*** Begin section ***
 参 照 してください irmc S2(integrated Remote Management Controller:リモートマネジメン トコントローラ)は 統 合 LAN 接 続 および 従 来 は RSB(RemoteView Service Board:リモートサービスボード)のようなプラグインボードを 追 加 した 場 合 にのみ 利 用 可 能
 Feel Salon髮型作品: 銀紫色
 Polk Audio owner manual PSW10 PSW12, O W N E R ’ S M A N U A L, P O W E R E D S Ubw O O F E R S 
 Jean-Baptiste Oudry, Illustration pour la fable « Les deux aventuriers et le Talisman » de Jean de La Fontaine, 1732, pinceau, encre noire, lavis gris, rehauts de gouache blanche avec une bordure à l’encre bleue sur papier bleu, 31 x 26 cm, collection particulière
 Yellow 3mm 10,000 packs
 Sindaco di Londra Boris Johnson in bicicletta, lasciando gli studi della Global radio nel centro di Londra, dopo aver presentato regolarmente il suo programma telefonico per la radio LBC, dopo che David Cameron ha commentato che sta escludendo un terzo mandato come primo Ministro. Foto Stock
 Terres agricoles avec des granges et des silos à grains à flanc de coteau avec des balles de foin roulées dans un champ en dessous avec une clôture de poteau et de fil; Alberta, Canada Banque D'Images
*** End section ***
### WHAT IS BEING ASKED:
Nothing in the data above may be skipped; repeat it all exactly.

### TASK RESULT:
 参 照 してください irmc S2(integrated Remote Management Controller:リモートマネジメン トコントローラ)は 統 合 LAN 接 続 および 従 来 は RSB(RemoteView Service Board:リモートサービスボード)のようなプラグインボードを 追 加 した 場 合 にのみ 利 用 可 能
 Feel Salon髮型作品: 銀紫色
 Polk Audio owner manual PSW10 PSW12, O W N E R ’ S M A N U A L, P O W E R E D S Ubw O O F E R S 
 Jean-Baptiste Oudry, Illustration pour la fable « Les deux aventuriers et le Talisman » de Jean de La Fontaine, 1732, pinceau, encre noire, lavis gris, rehauts de gouache blanche avec une bordure à l’encre bleue sur papier bleu, 31 x 26 cm, collection particulière
 Yellow 3mm 10,000 packs
 Sindaco di Londra Boris Johnson in bicicletta, lasciando gli studi della Global radio nel centro di Londra, dopo aver presentato regolarmente il suo programma telefonico per la radio LBC, dopo che David Cameron ha commentato che sta escludendo un terzo mandato come primo Ministro. Foto Stock
 Terres agricoles avec des granges et des silos à grains à flanc de coteau avec des balles de foin roulées dans un champ en dessous avec une clôture de poteau et de fil; Alberta, Canada Banque D'Images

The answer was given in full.